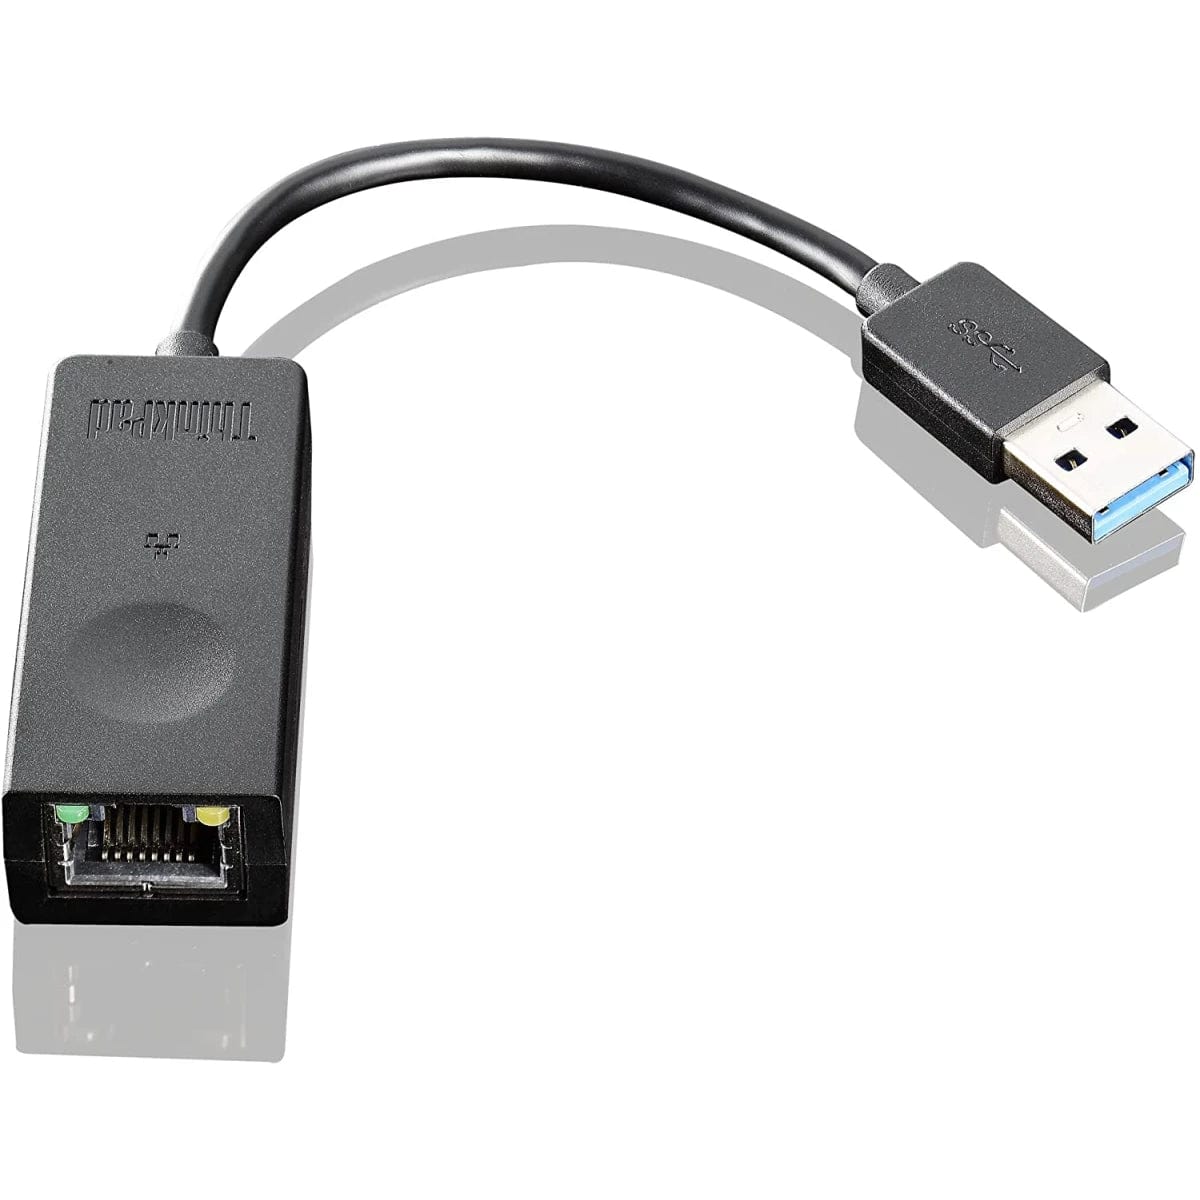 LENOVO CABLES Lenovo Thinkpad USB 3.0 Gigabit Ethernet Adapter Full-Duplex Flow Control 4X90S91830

---

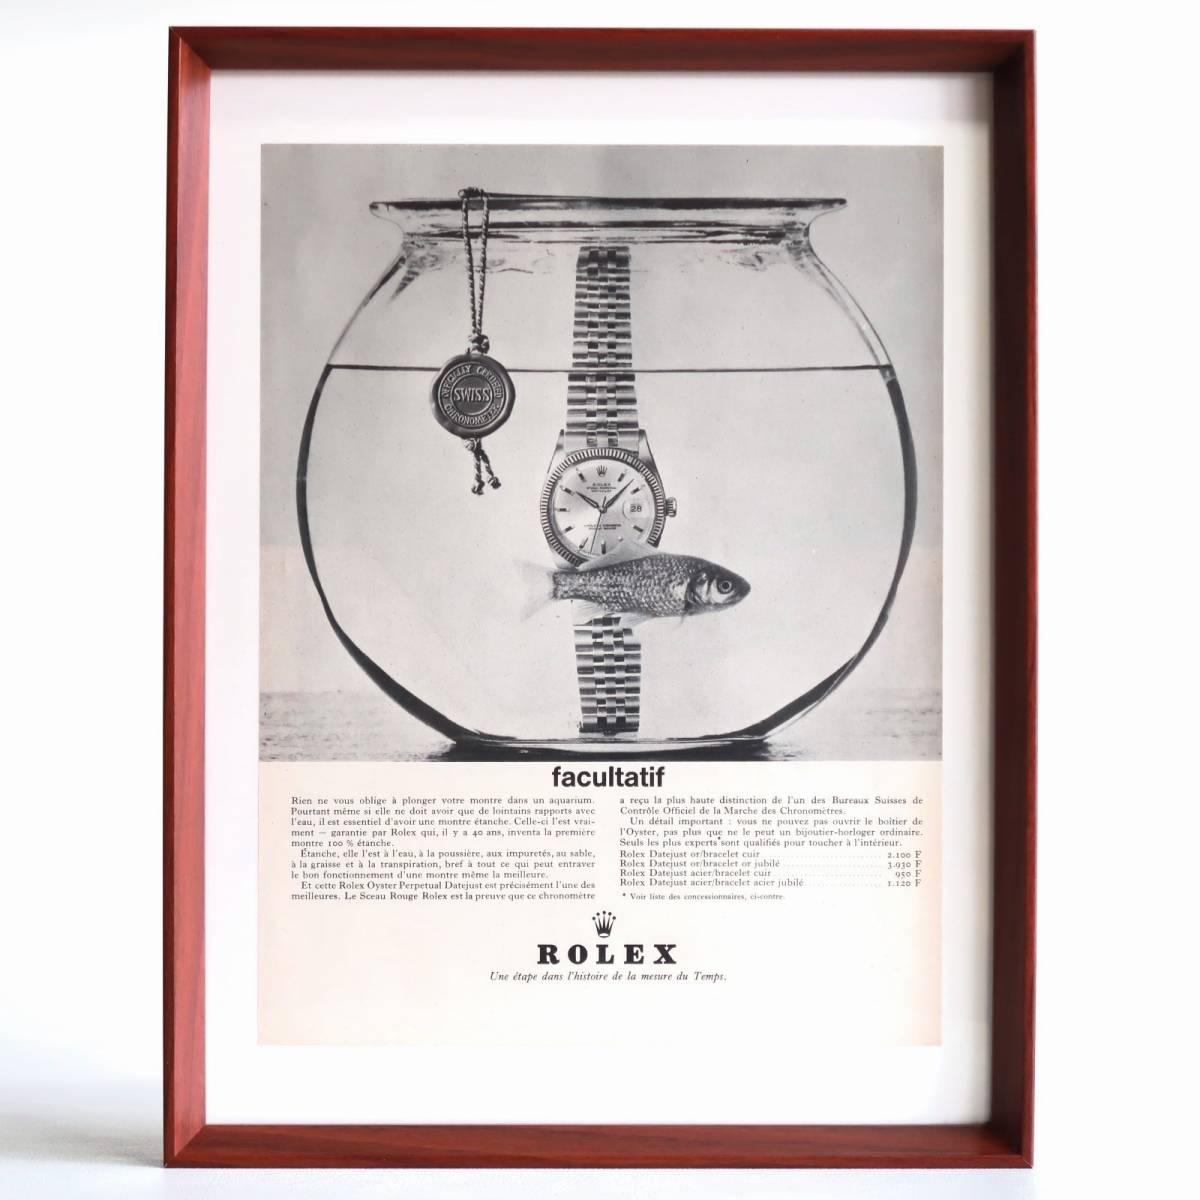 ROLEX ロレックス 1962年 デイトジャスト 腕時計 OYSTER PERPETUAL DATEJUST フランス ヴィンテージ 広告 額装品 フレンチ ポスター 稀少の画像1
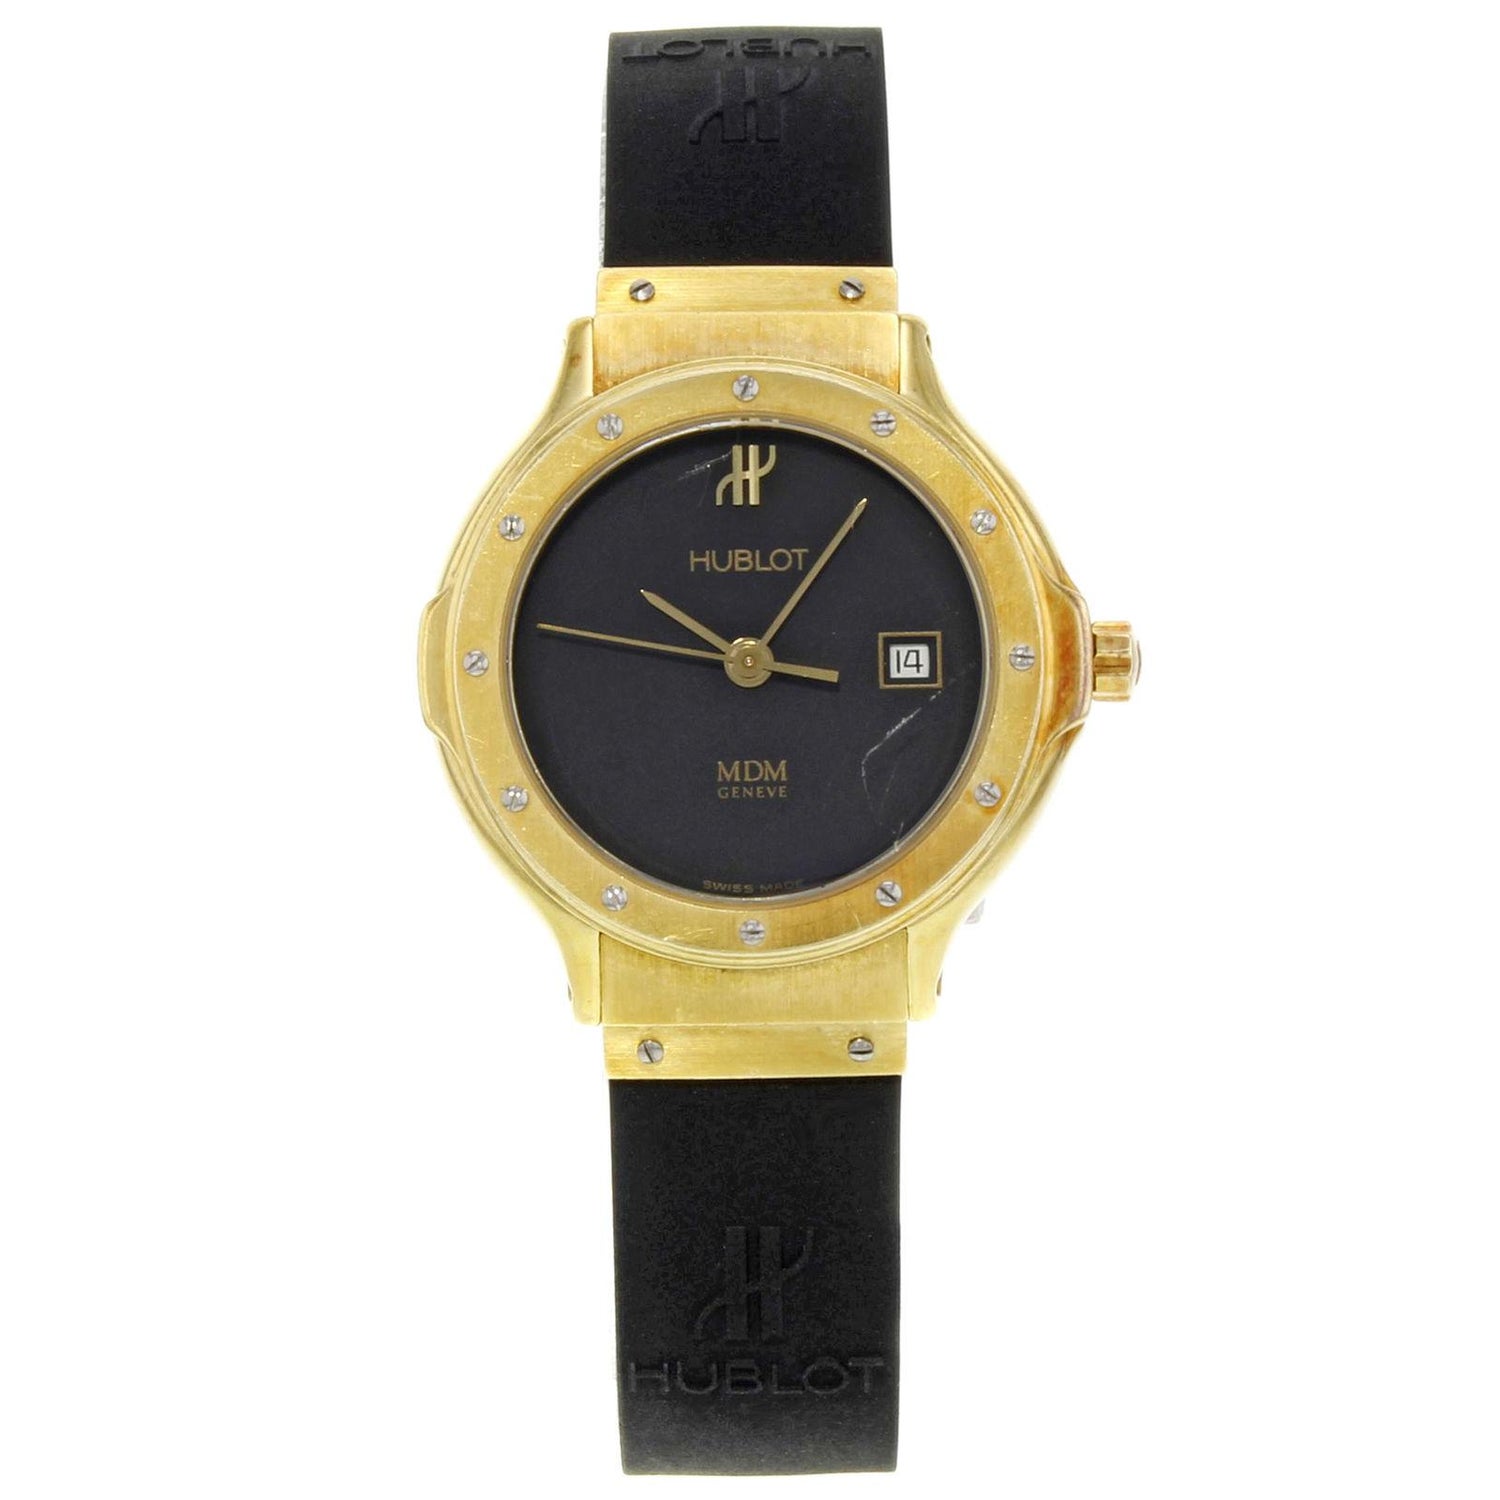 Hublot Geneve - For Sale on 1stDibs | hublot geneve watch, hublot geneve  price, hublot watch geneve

--

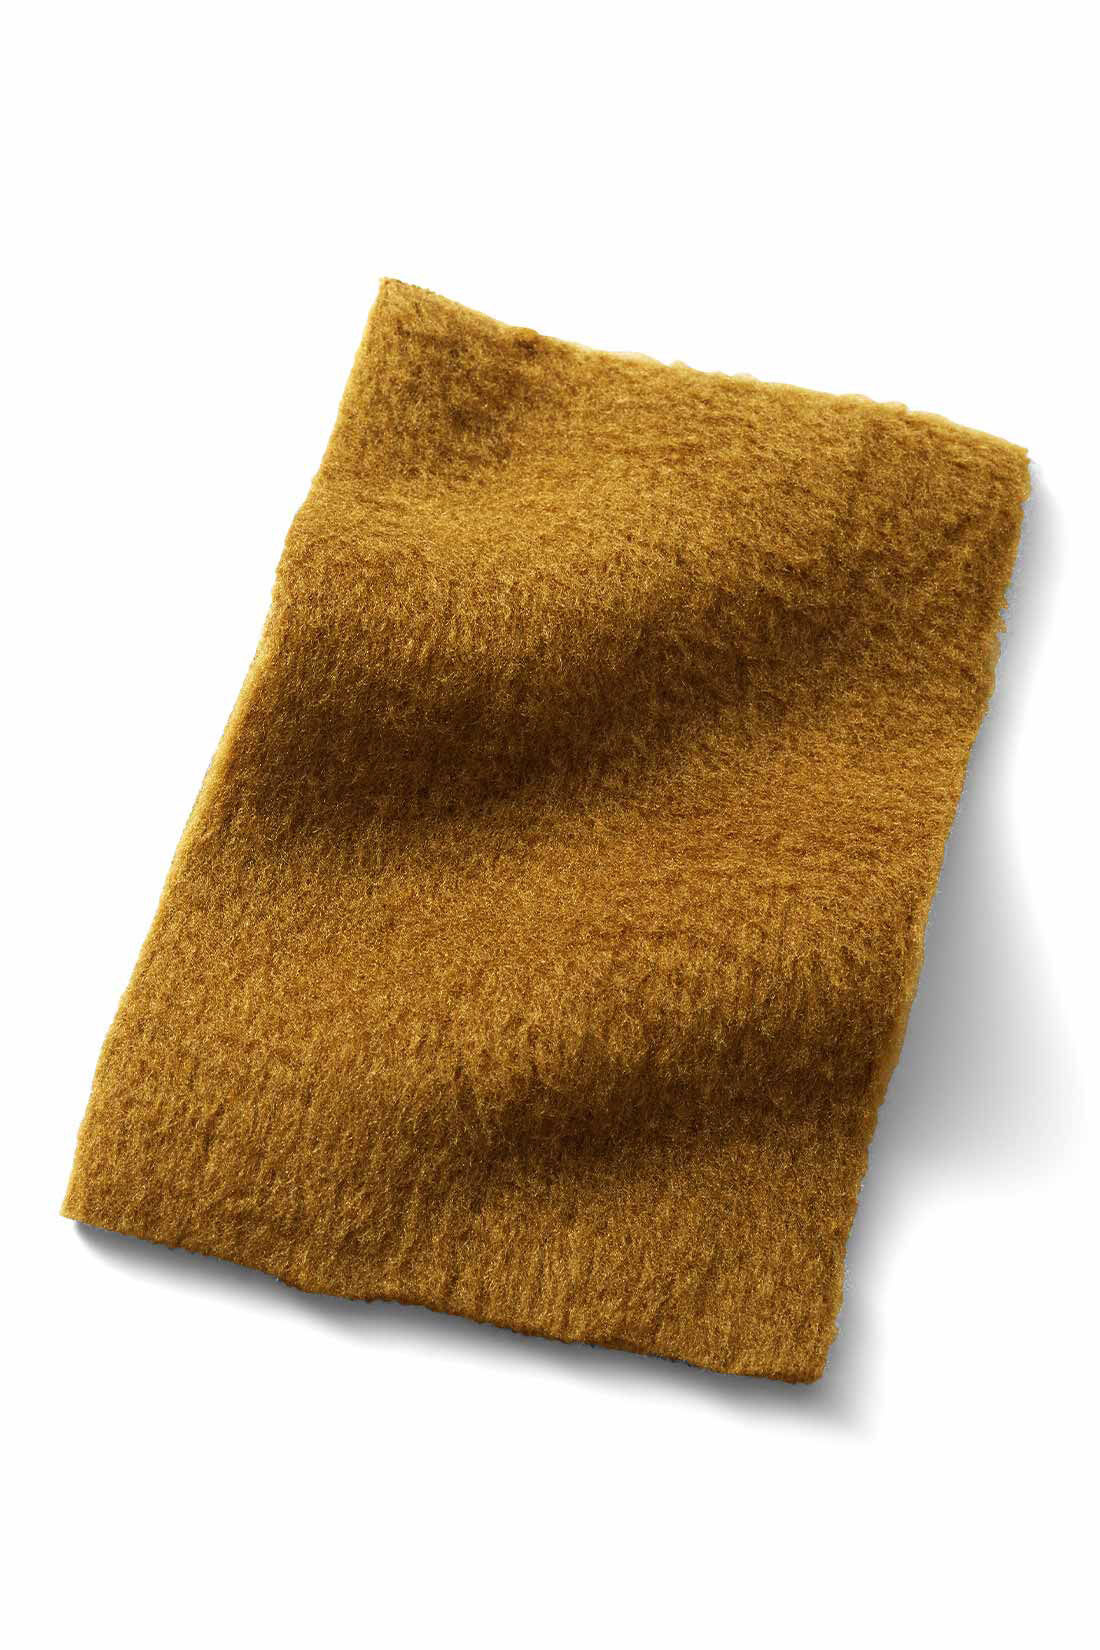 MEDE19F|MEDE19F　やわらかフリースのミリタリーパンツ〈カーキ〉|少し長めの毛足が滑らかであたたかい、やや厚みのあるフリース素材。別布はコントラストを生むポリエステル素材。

**Problem requirements**
Drop the pictures; return the lines above from the line containing "ROLEX ロレックス 1962年" to the line containing "Hublot Geneve - For", both included, exactly.

**Exercise output**
 ROLEX ロレックス 1962年 デイトジャスト 腕時計 OYSTER PERPETUAL DATEJUST フランス ヴィンテージ 広告 額装品 フレンチ ポスター 稀少の画像1
 Hublot Geneve - For Sale on 1stDibs | hublot geneve watch, hublot geneve  price, hublot watch geneve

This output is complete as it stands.